The easiest way to install miRNAture is through conda. To do so, please first install conda.

To speed up installation of dependencies and packages we suggest to use mamba, for this just run:

conda install mamba -c conda-forge

You can use mamba as drop-in replacement for conda by simply replacing the call to conda with a call to mamba.

Install via Conda

To install miRNAture from conda in a specific mirnature environment simply run:

mamba create -n mirnature mirnature

if mamba is available, else run:

conda create -n mirnature mirnature

Manual install, resolve dependencies via Conda

Create a mirnature conda environment with the file miRNAture.yml:

mamba env create -n mirnature -f miRNAture.yml

Activate the environment containing all dependencies:

conda activate mirnature

followed by the manual steps:

perl Build.PL
./Build
./Build test
./Build install

which will install miRNAture in the mirnature conda environment.

Input files

The most important input file is a DNA sequence.

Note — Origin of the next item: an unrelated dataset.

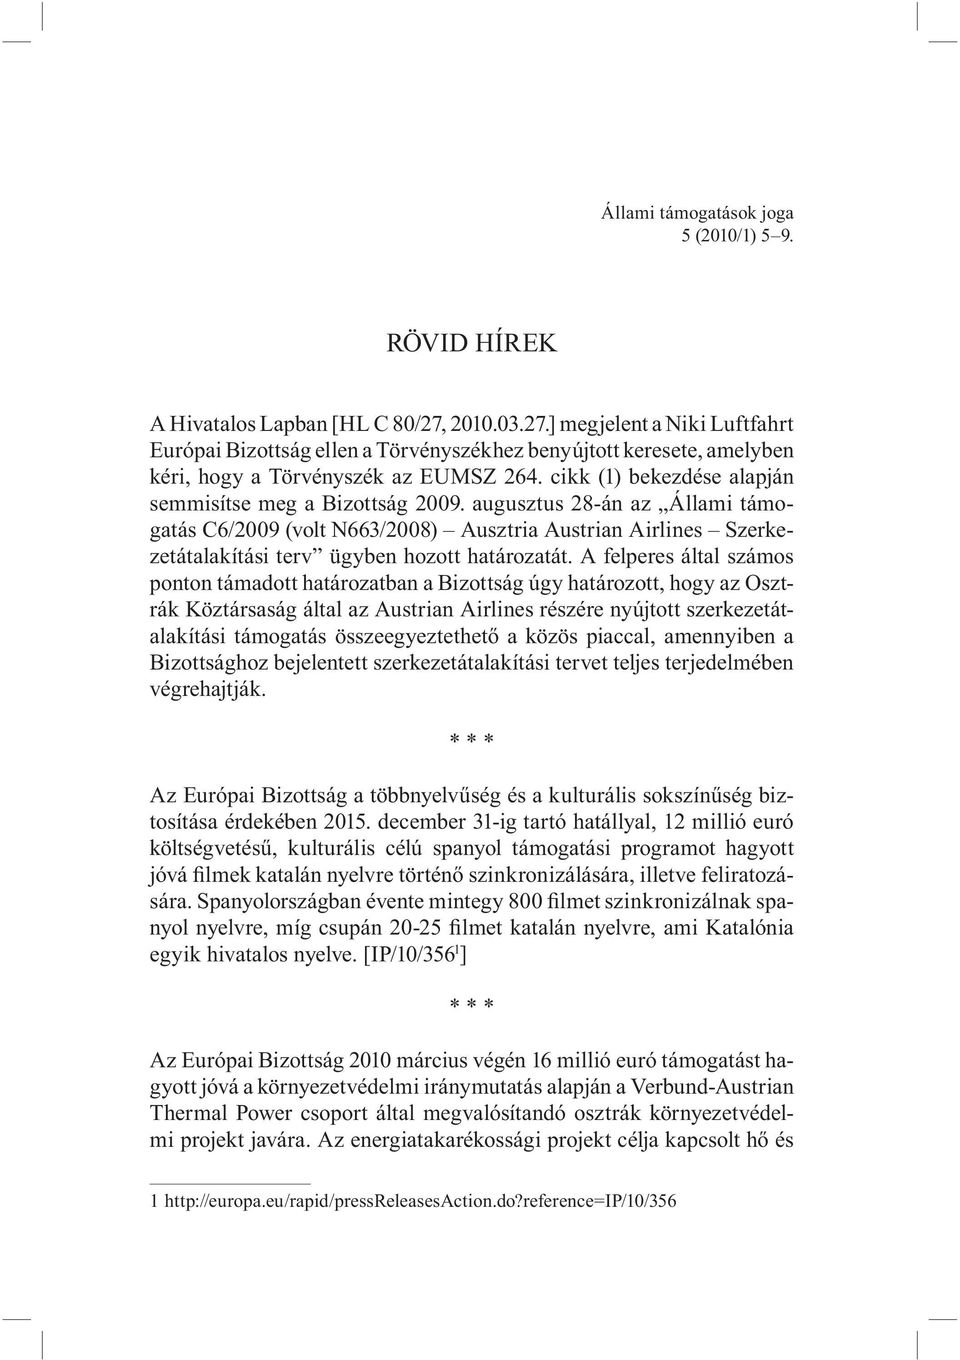 cikk (1) bekezdése alapján semmisítse meg a Bizottság augusztus 28-án az Állami támogatás C6/2009 (volt N663/2008) Ausztria Austrian Airlines Szerkezetátalakítási terv ügyben hozott határozatát.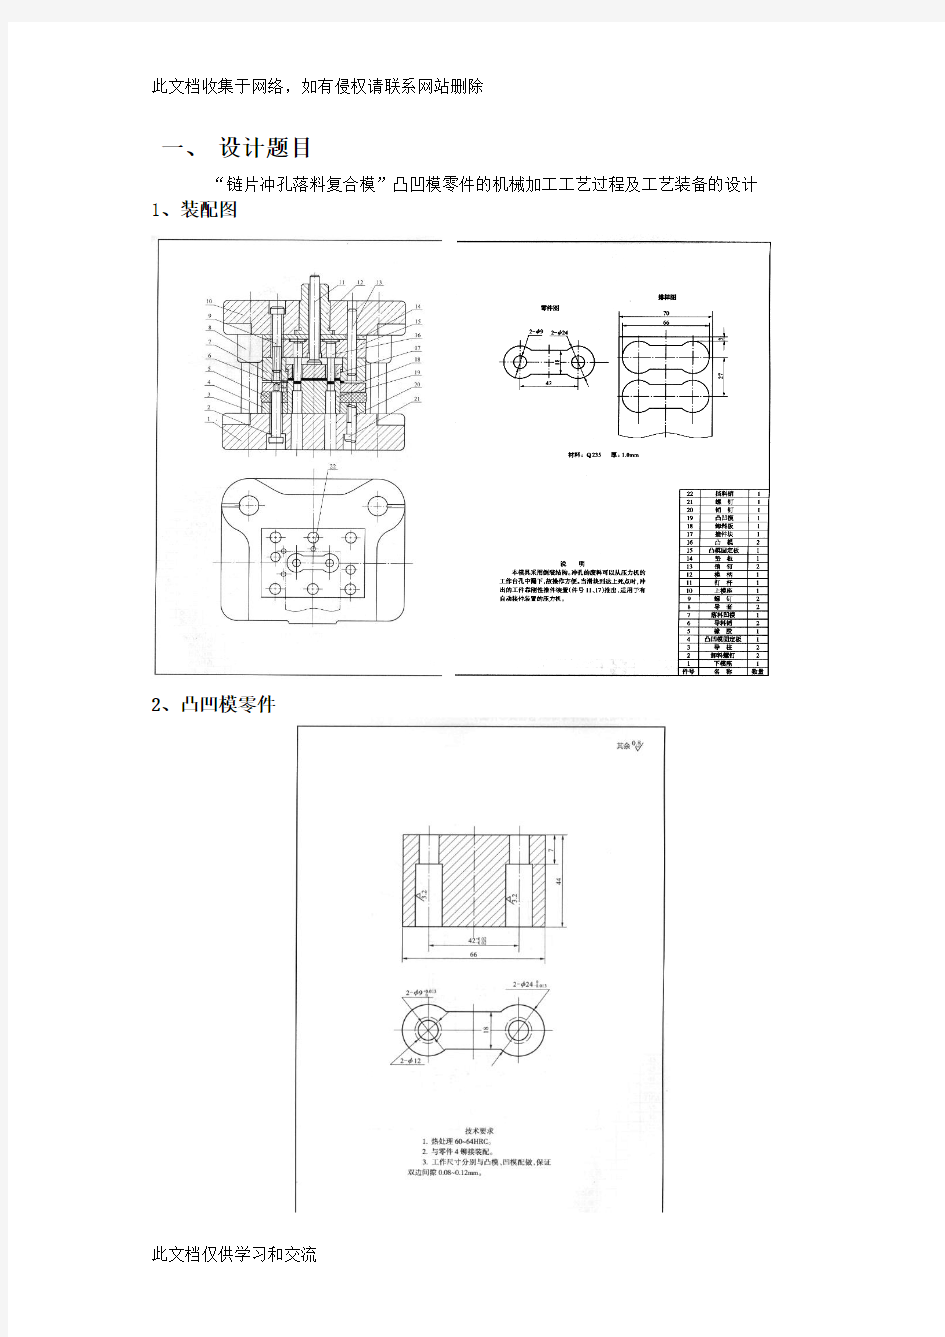 任务书-链片冲孔落料复合模”凸凹模零件的机械加工工艺过程及工艺装备的设计电子教案

This could be a multi-fasta sequence that belongs from a common specie (i.e. complete genome or group of particular sequences). At the same time, previous to execute miRNAture a pre-calculated dataset (that contains default data as CMs, HMMs, and required files to perform mature prediction) must be downloaded and correctly indicated in the command line options with the flag -dataF.

New in version 1.1 A new dataset containing all miRBase HMMs/CMs and validated mature sequences is recommended to use as first approach to identify miRNAs over target species. This dataset can be downloaded from here.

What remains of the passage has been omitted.